In Gluon, we can directly call the `GRU`

class in the `rnn`

module.
This encapsulates all the configuration details that we made explicit
above. The code is significantly faster as it uses compiled operators
rather than Python for many details that we spelled out in detail
before.

```
In [6]:
```

```
gru_layer = rnn.GRU(num_hiddens)
model = d2l.RNNModel(gru_layer, len(vocab))
d2l.train_and_predict_rnn_gluon(model, num_hiddens, corpus_indices, vocab,
ctx, num_epochs*5, num_steps, lr,
clipping_theta, batch_size, prefixes)
```

```
epoch 125, perplexity 8.320380, time 4.46 sec
epoch 250, perplexity 4.363808, time 4.44 sec
- traveller this treepeston atome the time traveller this tre
- time traveller this treee time traveller this treee time travell
epoch 375, perplexity 1.218403, time 4.54 sec
epoch 500, perplexity 1.068609, time 4.42 sec
- traveller smiled. 'are you sure we can move freely in space
- time traveller smiled. 'are you sure we can move freely in space
```

## 8.8.4. Summary¶

- Gated recurrent neural networks are better at capturing dependencies for time series with large time step distances.
- Reset gates help capture short-term dependencies in time series.
- Update gates help capture long-term dependencies in time series.
- GRUs contain basic RNNs as their extreme case whenever the reset gate is switched on.
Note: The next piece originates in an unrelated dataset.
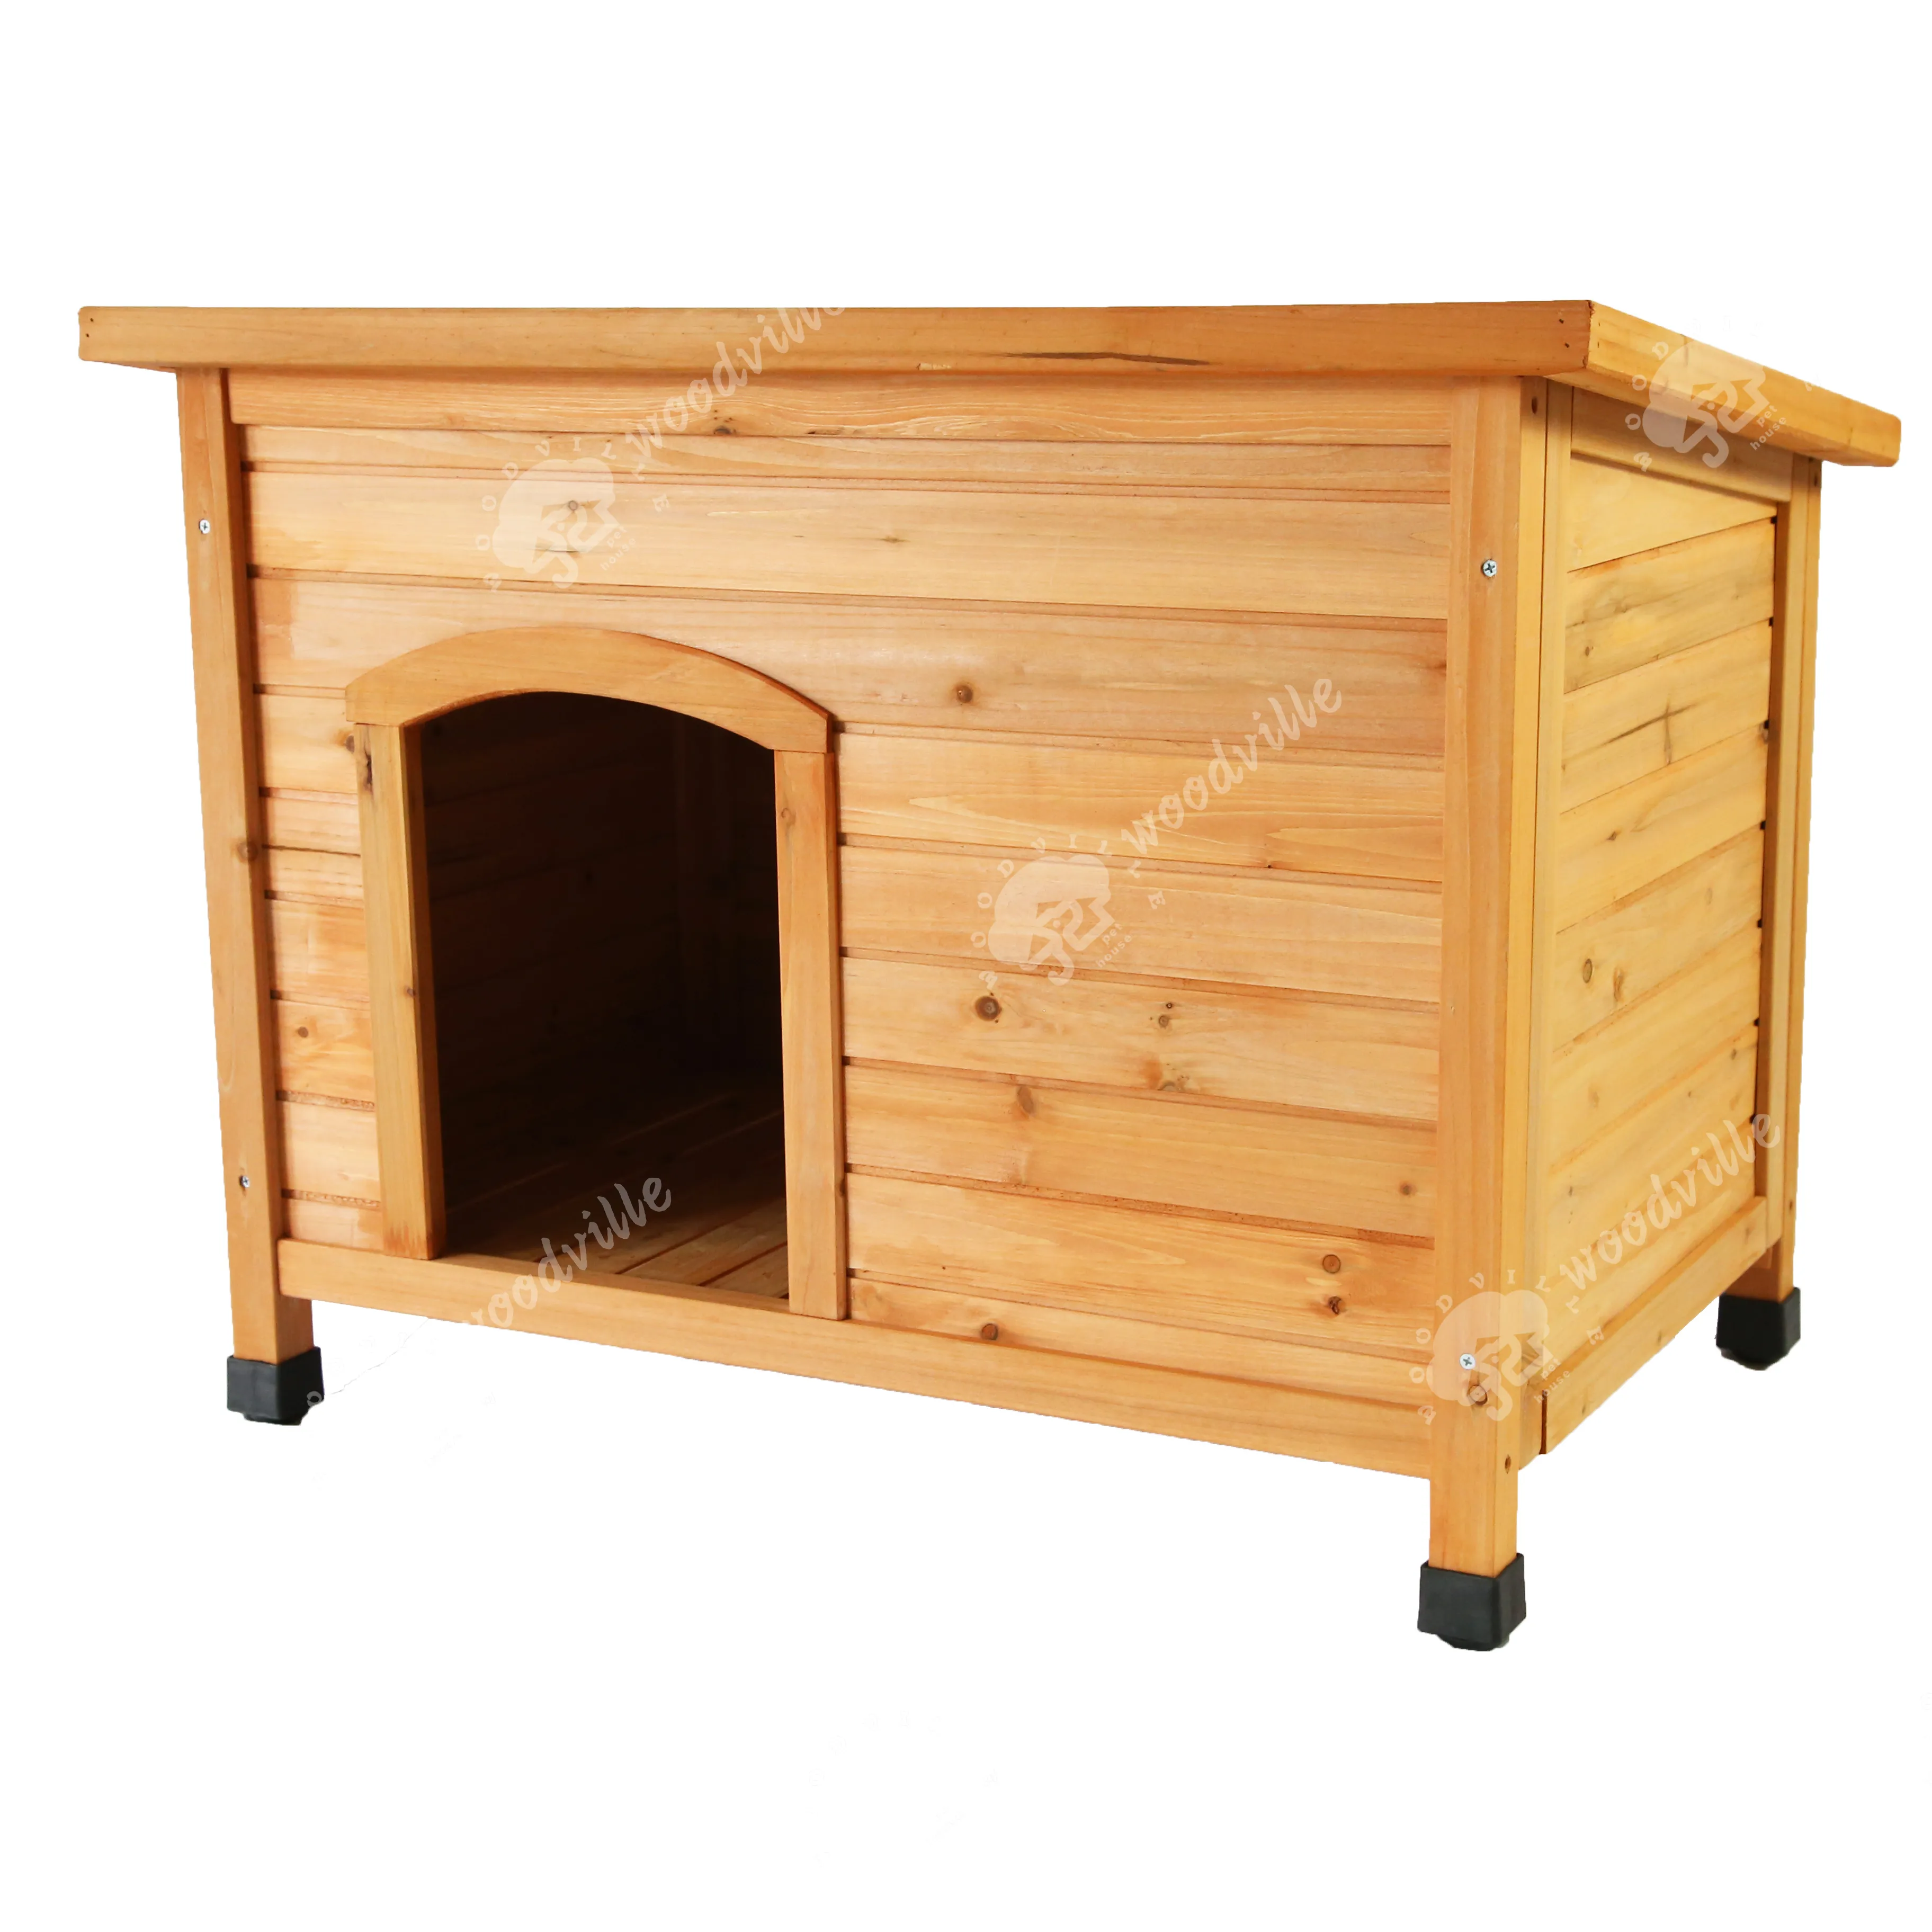 Casa per animali in legno per cani da giardino per cuccioli in legno capanna per animali di fabbricazione cinese casa per animali da cortile

They can ignore sequences as needed.

## 8.8.5. Exercises¶

- Compare runtimes, perplexity and the extracted strings for
`rnn.RNN`

and`rnn.GRU`

implementations with each other. - Assume that we only want to use the input for time step \(t'\) to predict the output at time step \(t > t'\). What are the best values for reset and update gates for each time step?
- Adjust the hyper-parameters and observe and analyze the impact on running time, perplexity, and the written lyrics.
- What happens if you implement only parts of a GRU? That is, implement a recurrent cell that only has a reset gate. Likewise, implement a recurrent cell only with an update gate.

## 8.8.6. References¶

[1] Cho, K., Van Merriënboer, B., Bahdanau, D., & Bengio, Y. (2014). On the properties of neural machine translation: Encoder-decoder approaches. arXiv preprint arXiv:1409.1259.

[2] Chung, J., Gulcehre, C., Cho, K., & Bengio, Y. (2014). Empirical evaluation of gated recurrent neural networks on sequence modeling. arXiv preprint arXiv:1412.3555.